The RLHF process involves generating code, having expert engineers rank, edit, and justify it, converting that feedback into reward signals, and using reinforcement learning to tune the model toward deployable code.
Requirements:
Candidates must have 4+ years of professional software engineering experience in one or more of the following languages: Python, Java, JavaScript, TypeScript, Go, C++, PHP, COBOL, C, Ruby, or Rust. Constraint programming experience is a bonus but not mandatory for all languages.
Strong code-review instincts are essential, with the ability to quickly identify logic errors, performance traps, and security issues.
Candidates must possess extreme attention to detail and excellent written communication skills, as much of the role involves explaining the rationale behind code choices.
A passion for reading documentation and language specifications is required, along with the ability to thrive in an asynchronous, low-oversight environment.
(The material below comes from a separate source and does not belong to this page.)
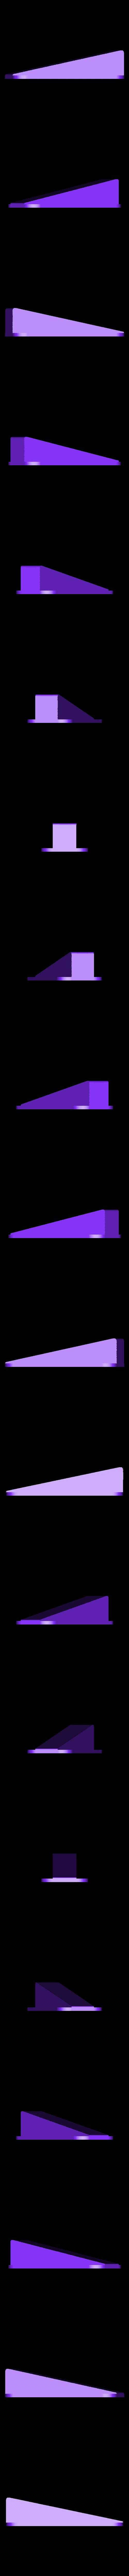 Doorstop.stl Download free STL file Simple Doorstop • 3D printable design, morrisblue

No prior experience in RLHF or AI training is necessary, nor is deep machine learning knowledge; the ability to review and critique code clearly is sufficient.
Benefits:
The position is fully remote, allowing candidates to work from anywhere.
Compensation is up to $30 per hour.
The role offers flexible hours, with a minimum of 15 hours per week and the possibility of up to 40 hours per week.
Engagement is structured as a 1099 contract, providing straightforward impact without unnecessary complexity.